Эстеръ знала ихъ новаго знакомца гораздо менѣе, чѣмъ ея отецъ. Но она находила его занимательнымъ, а женская страсть къ побѣдамъ нѣсколько раздражалась его независимымъ отношеніемъ къ ней. Онъ всегда противорѣчилъ ей и осуждалъ ее, смотрѣлъ на нее, какъ на беззубую старуху въ чепцѣ. Она была убѣждена, что онъ ни разу не обратилъ вниманія на ея прелестныя ручки, на ея лебяжью шейку, на ея граціозныя движенія, заслужившія ей отъ ея школьныхъ подругъ прозвище Калипсо (вѣроятно вслѣдствіе ихъ близкаго знакомства съ "Телемакомъ"). Феликсу слѣдовало бы быть немножко влюбленнымъ въ нее, чтобы щекотать ея самолюбіе и хоть показывать видъ, что онъ способенъ поддаваться какому нибудь вліянію. Но было ясно, что онъ не только не сознавалъ себя слабымъ; напротивъ, онъ не сомнѣвался въ своемъ превосходствѣ надъ нею, и что всего хуже, Эстеръ сама имѣла смутное сознаніе, что онъ былъ правъ. Еще болѣе бѣсило ее подозрѣніе, что онъ былъ очень не высокаго о ней мнѣнія; ей хотѣлось отыскать и въ немъ поболѣе слабыхъ сторонъ, найдти средство не восхищаться умной, оживленной игрой его физіономіи, его чистосердечнымъ смѣхомъ, всегда болѣе громкимъ, если предметомъ насмѣшки былъ онъ самъ. Сверхъ того ея любопытство было возбуждено странной несообразностью его умственнаго развитія и положенія въ обществѣ, и потому, однажды, къ крайнему удивленію отца и къ своему собственному, она вызвалась сопровождать отца въ одномъ изъ ею вечернихъ посѣщеній м-съ Гольтъ, предпринимаемыхъ съ цѣлью успокоить ее на счетъ сына.
-- Что за женщина его мать! разсуждала она сама съ собою на возвратномъ пути.-- Но какъ онъ не грубъ и не страненъ, въ немъ нѣтъ ничего неприличнаго. И однако,-- я не знаю,-- такъ ли бы онъ мнѣ нравился, еслибъ я увидала его рядомъ съ настоящимъ джентельменомъ. Эстеръ невольно пожелала имѣть такого джентельмена въ числѣ своихъ знакомыхъ; онъ конечно восхищался бы ею и показалъ бы ей недостатки Феликса.

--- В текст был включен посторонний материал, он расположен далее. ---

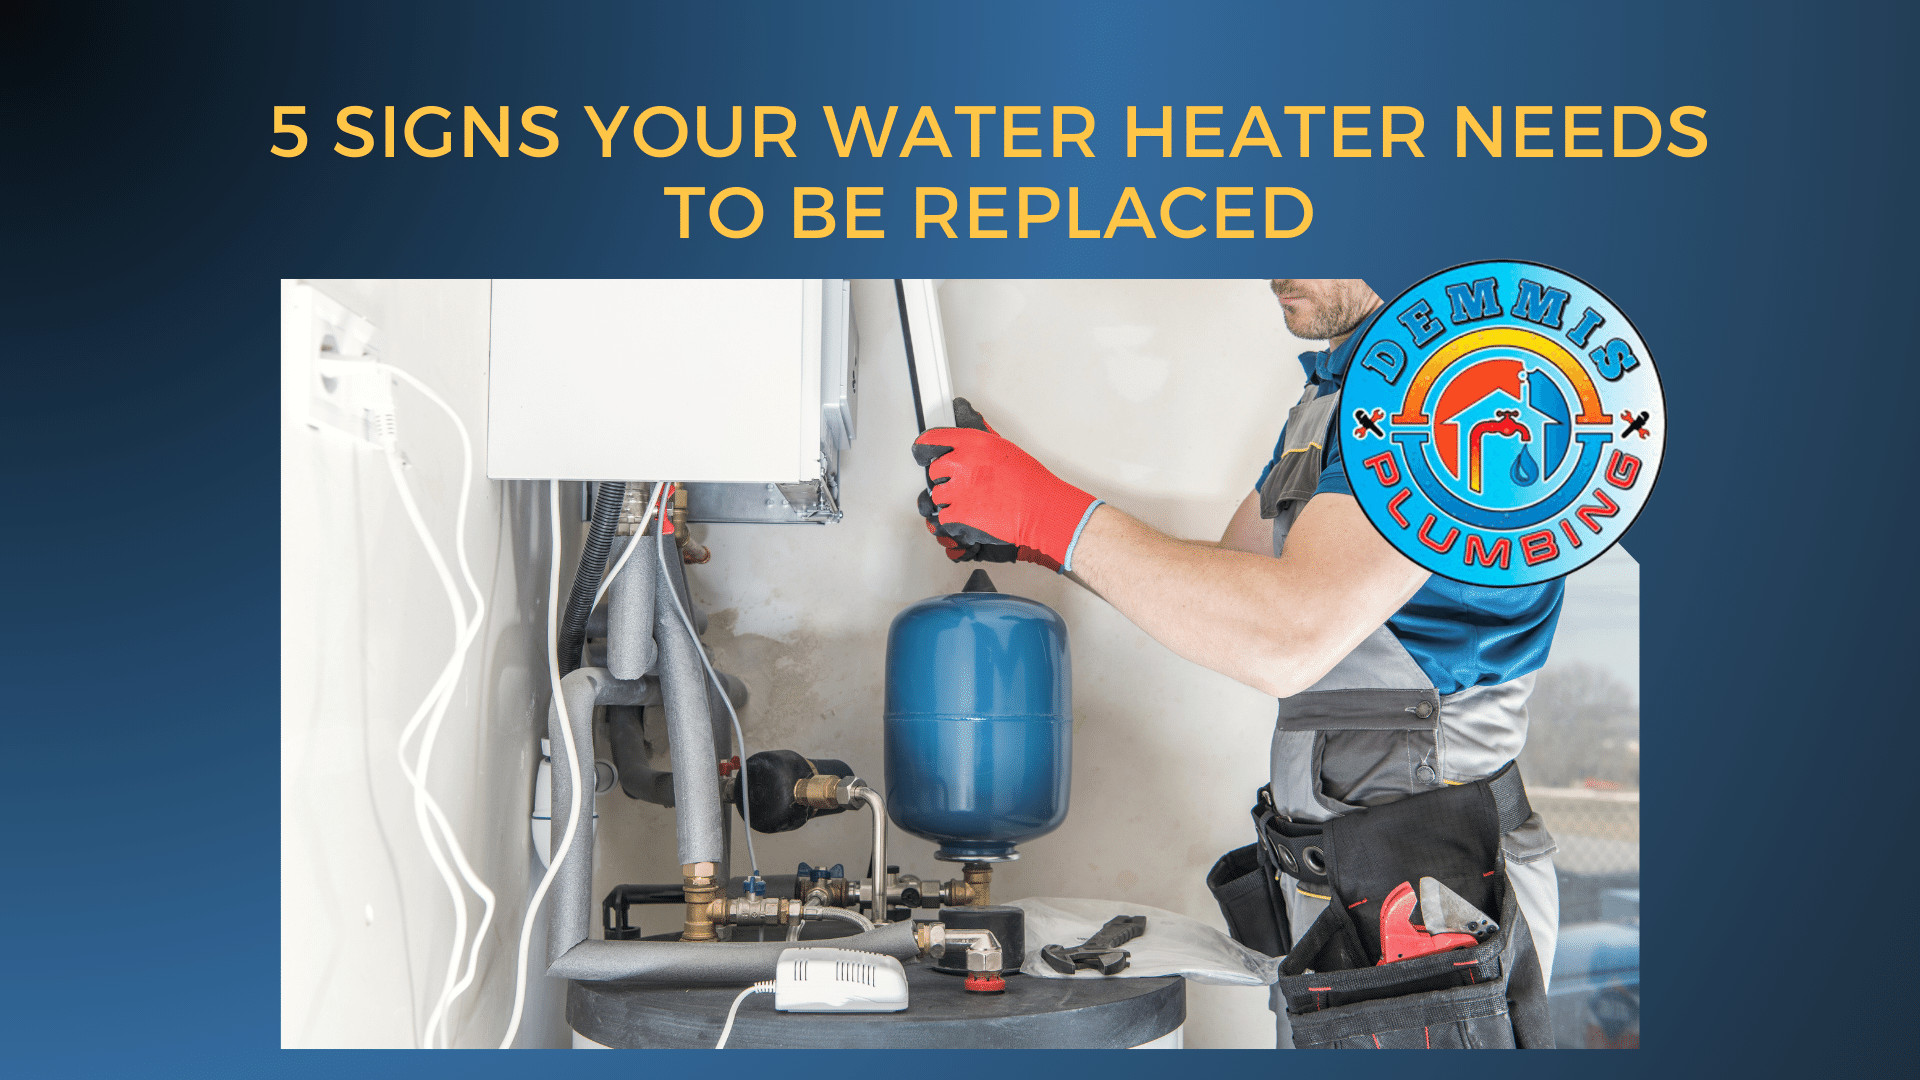 5 Signs Your Water Heater Needs to be Replaced
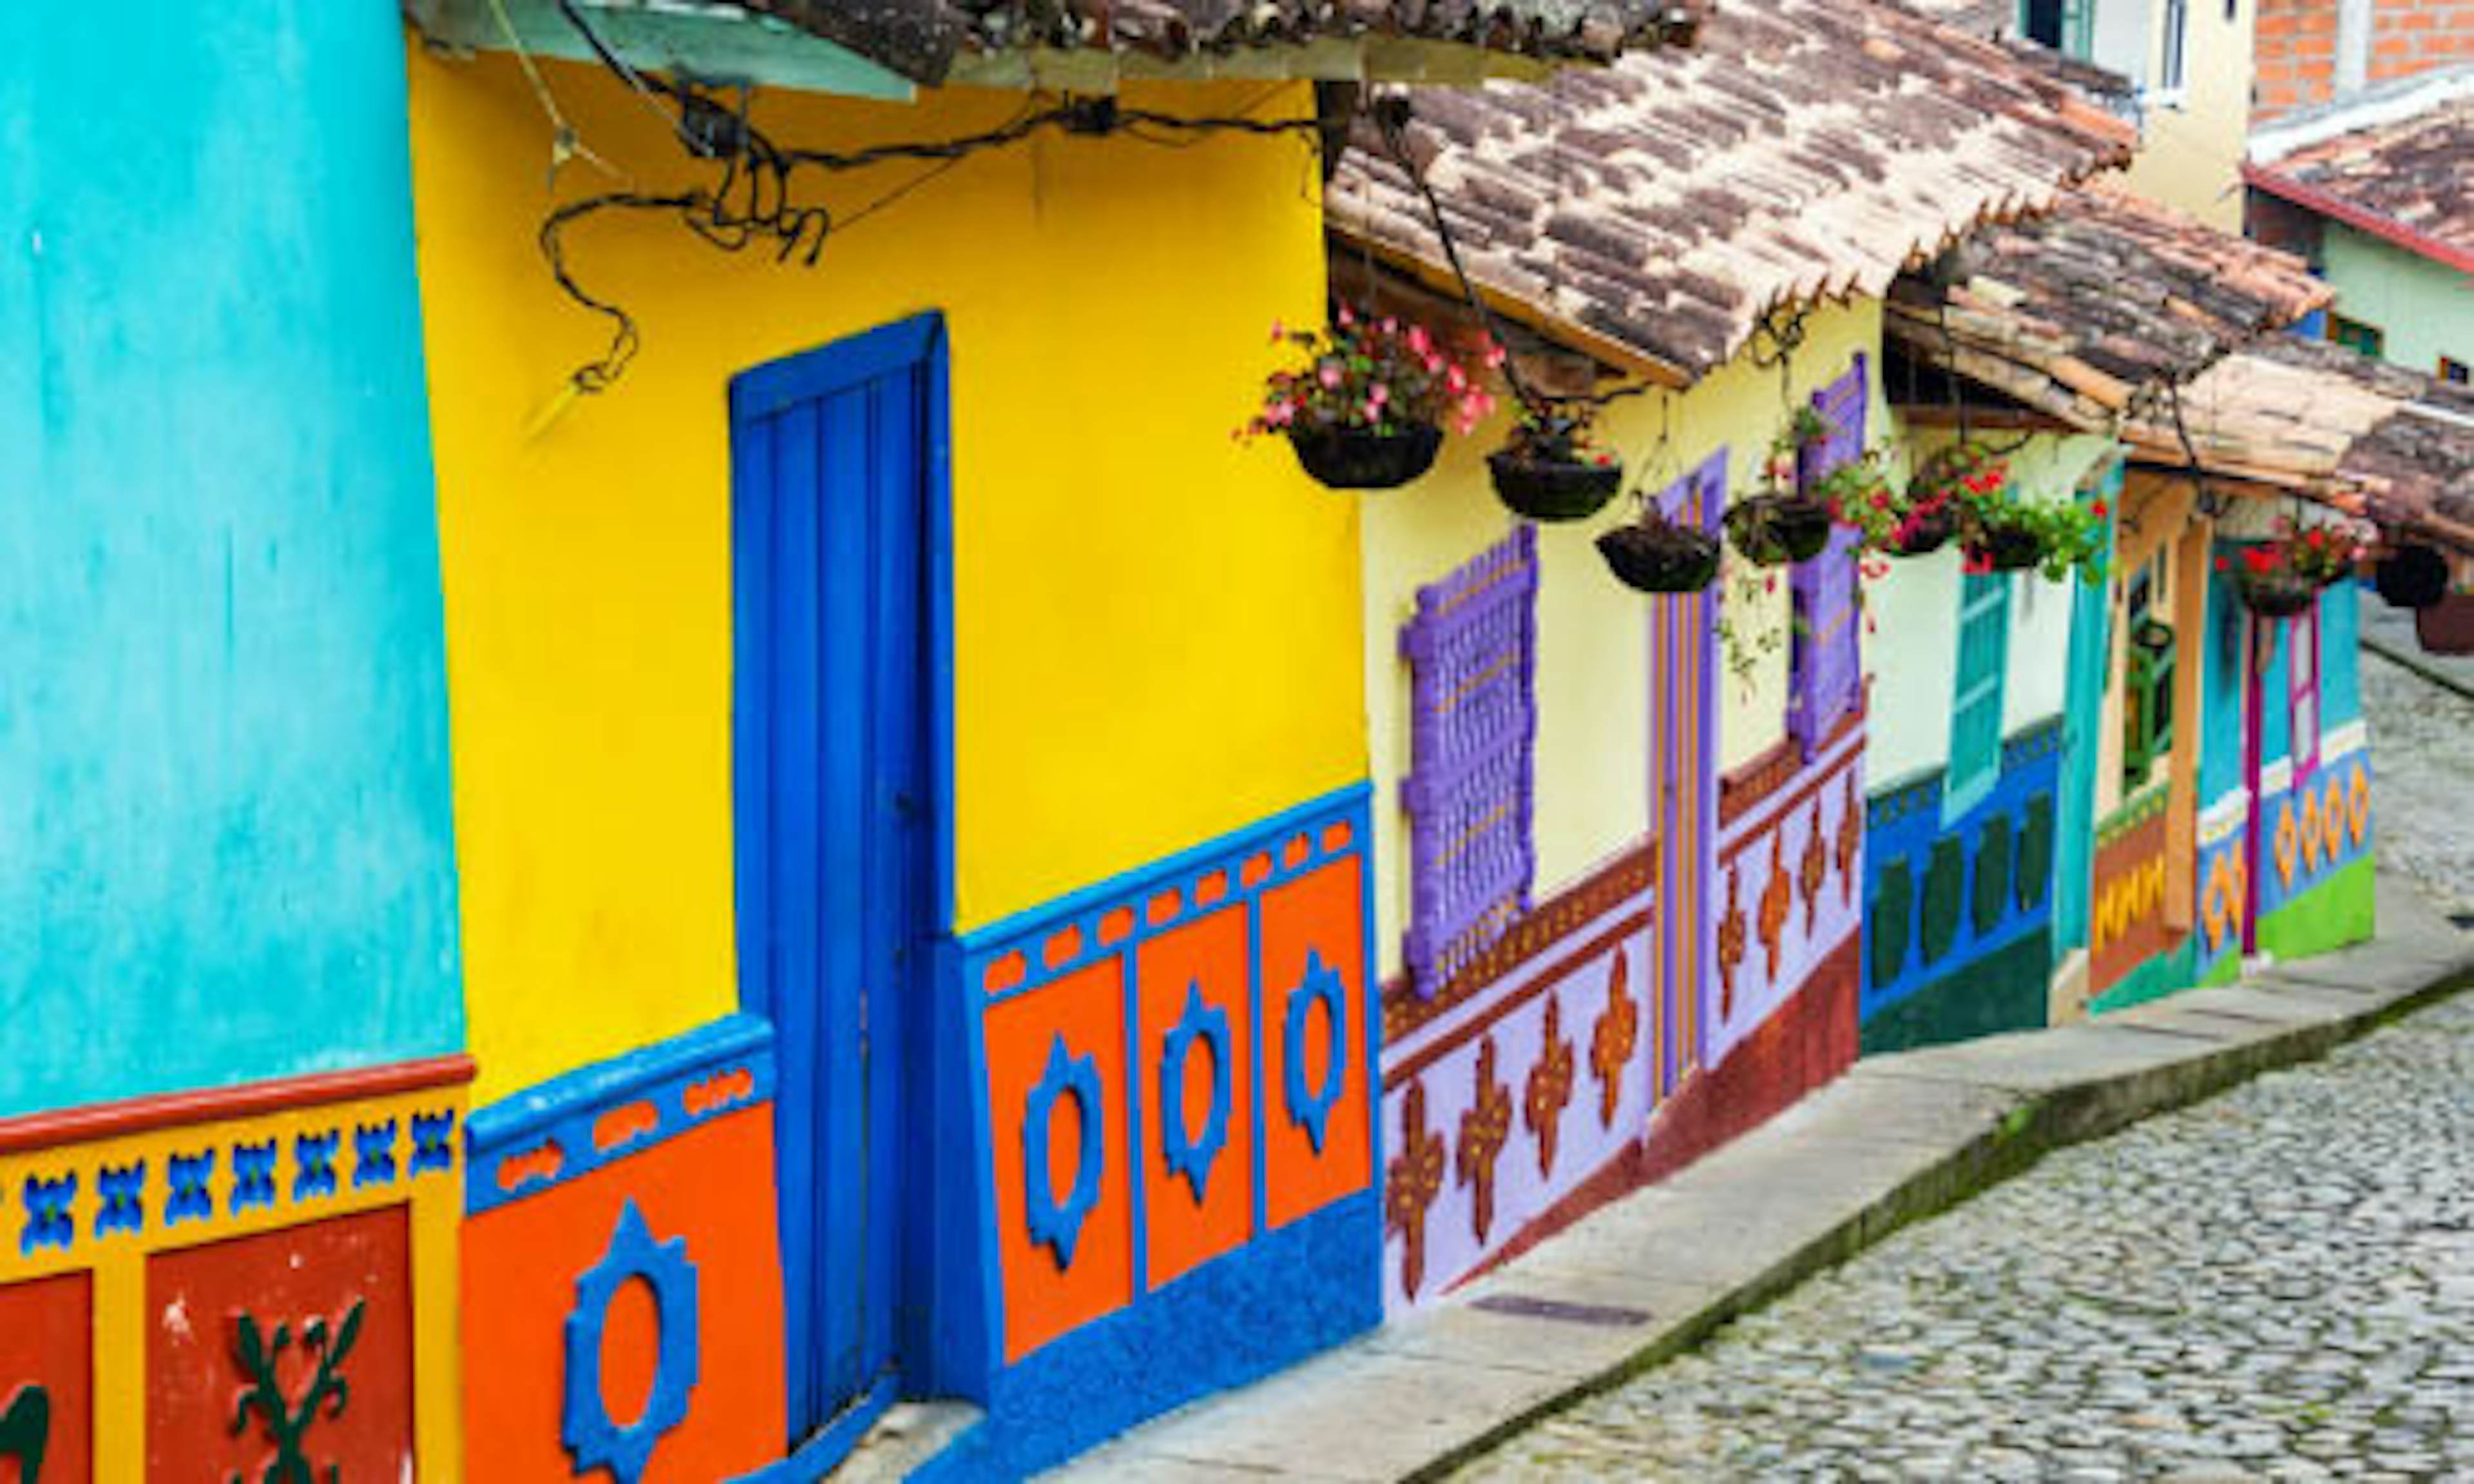 A street view depicting the colours of traditional homes in Bogata, Colombia, in vivid bright yellows, reds, greens and blues. The short buildings have red tiles and hanging plant pots

Въ то воскресенье утромъ, о которомъ теперь идетъ рѣчь, она сидѣла въ кухнѣ, въ углу, между каминомъ и окномъ, и читала "Réné". Въ своемъ отлично-сшитомъ голубомъ платьѣ,-- она всегда оказывала предпочтеніе голубому или синему цвѣту,-- въ изящныхъ башмачкахъ на протянутыхъ къ огню хорошенькихъ ножкахъ, съ маленькими золотыми часами, стоившими ей четверть ея годоваго жалованья, играя своими чудными каштановыми волосами, заплетенными вокругъ головы въ видѣ вѣнца, она напоминала собою Сандрильону. Услышавъ стукъ въ дверь, она, въ первую минуту, хотѣла закрыть книгу и положить ее за собою на подоконникъ, но потомъ оставила книгу на столѣ раскрытой, и пошла къ наружной двери. На ея лицѣ сіяла лукавая улыбка, ударъ былъ сильный, онъ долженъ былъ происходить отъ мужского кулака.
-- Здравствуйте, миссъ Лайонъ, заговорилъ Феликсъ, снимая фуражку. Къ ужасу своей матери онъ рѣшительно отказывался расходоваться на безобразную черную шляпу.
-- Ахъ это вы, м-ръ Гольтъ! Я боюсь, не пришлось бы вамъ долго дожидаться прихода отца. Еще и проповѣдь не окончилась, а послѣ нея будетъ гимнъ и молитва, а, можетъ быть, еще что нибудь.
-- Ну, такъ позвольте мнѣ обождать его въ кухнѣ. Я не намѣренъ вамъ мѣшать.
-- О, я въ этомъ увѣрена, смѣясь отвѣтила Эстеръ. Я уже давно замѣтила за вами это похвальное свойство. Пожалуйста посидите, если вы можете ждать. Я сидѣла въ кухнѣ, котелокъ тамъ такъ славно поетъ. По мнѣ тамъ гораздо лучше, чѣмъ въ гостиной,-- по крайней мѣрѣ не такъ безобразно.
-- Вотъ въ этомъ я вполнѣ съ вами согласенъ.
-- Удивляюсь! Впрочемъ, если вы предпочитаете кухню, но не желаете моего общества, я могу уйдти въ гостиную.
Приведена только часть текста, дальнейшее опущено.